These are scripts that are part of the mundaneprogramming.github.io repo for SRCCON 2015 and will soon have their own entry/explanation on that site. They aren't meant to be best/canonical practices (e.g. I felt like using csv.DictWriter so there it is), nor do I guarantee that they work. But you're free to run them to see what happens. All they currently do is download the relevant spreadsheets and compile them into a file, which ends up being one of the most tedious parts of the entire investigation due to how the files are organized on the homepage and their internal organization. For example, after 2012, the column layouts change, which accounts for most of the code in collate.py.

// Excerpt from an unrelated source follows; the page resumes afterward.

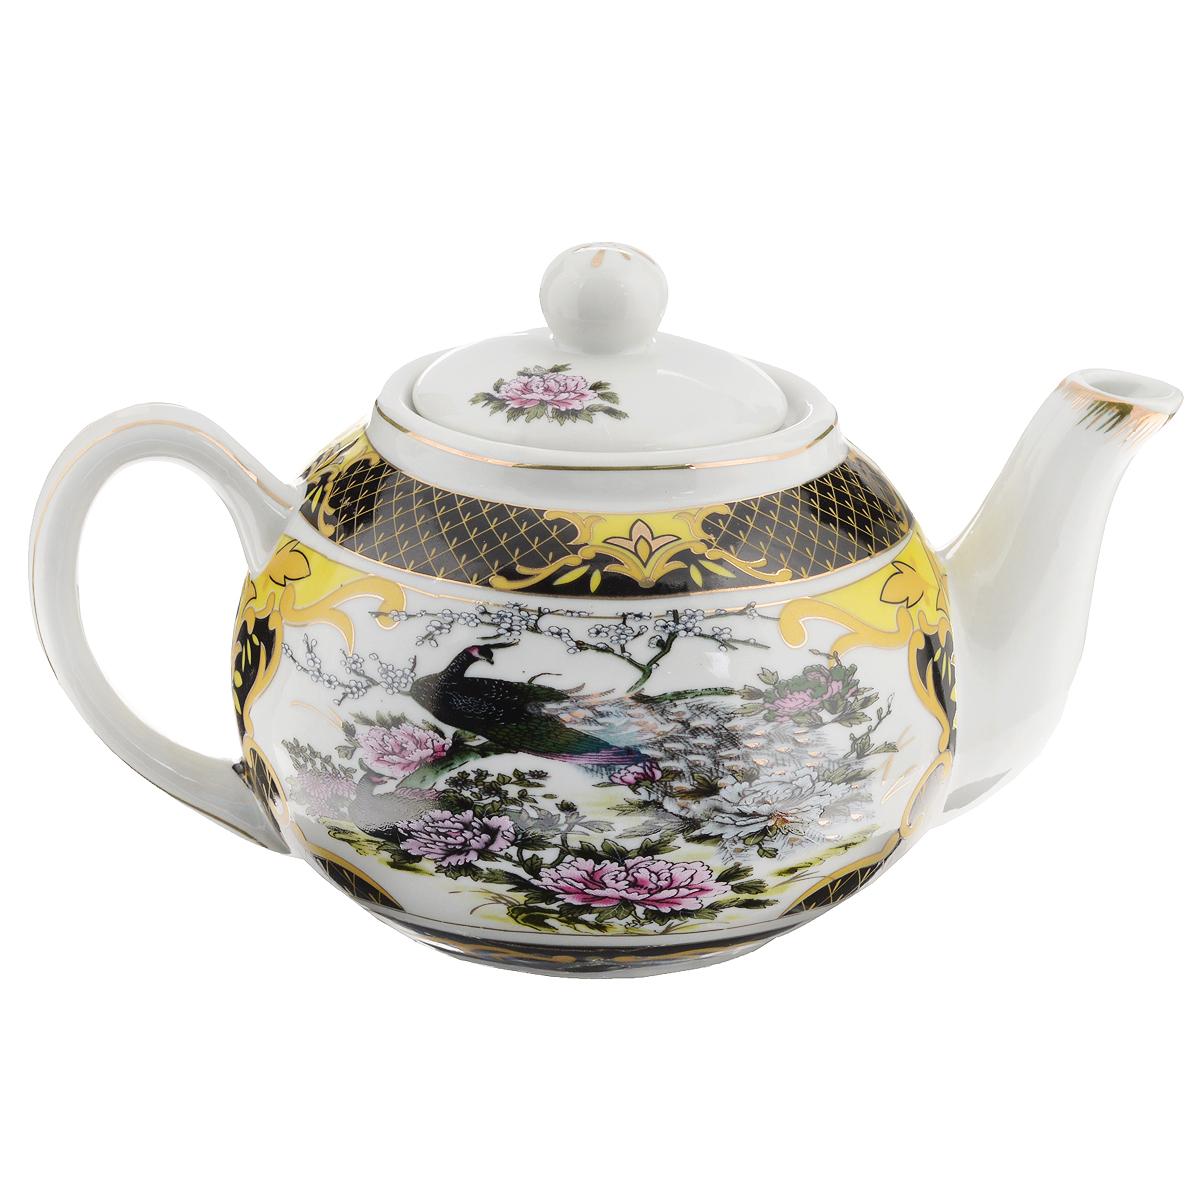 Чайник заварочный Briswild Сказочный павлин, 700 мл. 523-123523-123Чайник заварочный Briswild Сказочный павлин изготовлен из высококачественного фарфора. Чайник декорирован изображением павлинов и золотой каймой. Такой дизайн, несомненно, придется по вкусу и любителям классики, и тем кто ценит красоту и изящество. Чайник заварочный Briswild Сказочный павлин украсит ваш кухонный стол, а также станет замечательным подарком к любому празднику. Не использовать в микроволновой печи. Не применять абразивные чистящие вещества.Объем: 700 мл. Размеры чайника без крышки (ДхШхВ): 20 см х 11,5 см х 9 см.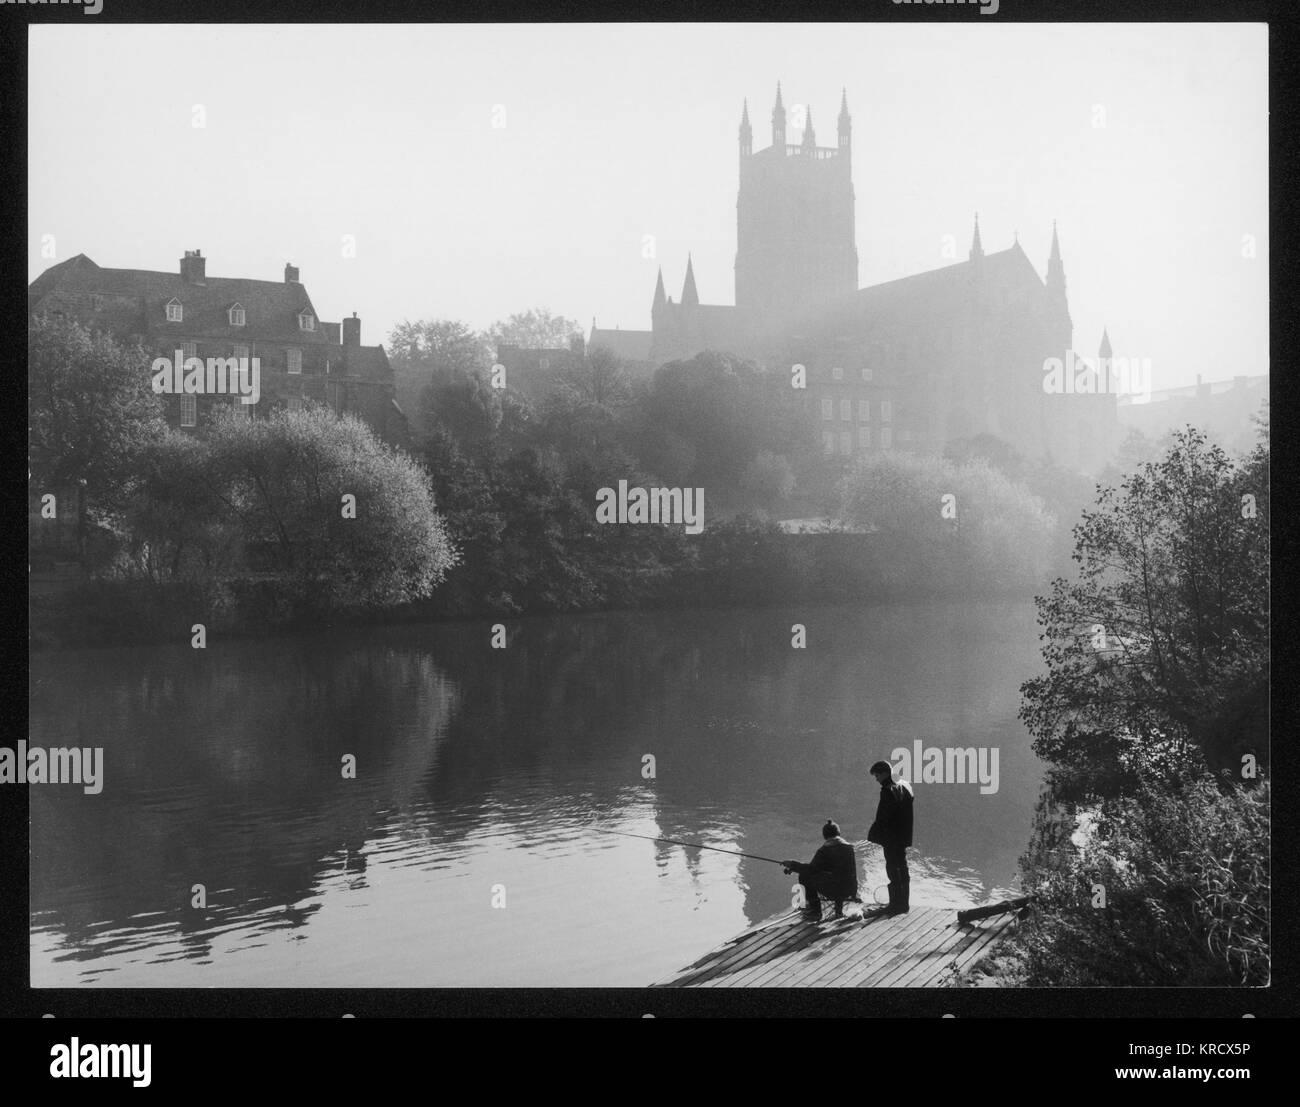 Pescar en el río Severn en una niebla por la mañana, mientras el sol se levanta por detrás de la Imagen De Stock

Example pre-2012 spreadsheet

Imgur

Example post-2012 spreadsheet

Imgur

Resulting spreadsheet after collate.py

Imgur

Bash preparation

It's always nice when dealing with government data to create a complete mirror of the site, just in case it changes or gets removed at some point in the future. This is a good time to practice some basic but very reusable shell commands.

Mirror the site

Use wget to perform a recursive fetch, one-level deep. In the fetched pages, convert the links to relative locations, and append .html to all webpage-like files (i.e. somepage.aspx.html). This partial mirror will be saved to the local path in a subdirectory named www.cdph.ca.gov:

wget --recursive --level=1 --adjust-extension --convert-links \
http://www.cdph.ca.gov/programs/immunize/pages/immunizationlevels.aspx

Use Amazon's AWS command-line interface tool to upload the wgotten-files to S3:

aws s3 sync www.cdph.ca.gov/ s3://www.mundaneprogramming.com/sites/ --acl public-read

The resulting live Web address (if you've configured your S3 instance to act as a staticweb server) would look something like this:

http://www.mundaneprogramming.com.s3.amazonaws.com/sites/programs/immunize/pages/immunizationlevels.aspx.html

Description of the Python scripts

The scripts below are written for Python 3.x and were tested specifically on OS X 10.10 / Python 3.4.3 :: Anaconda 2.2.0 (x86_64). The Anaconda 3.x distribution includes all the necessary dependencies, including xlrd for manipulating of Excel files.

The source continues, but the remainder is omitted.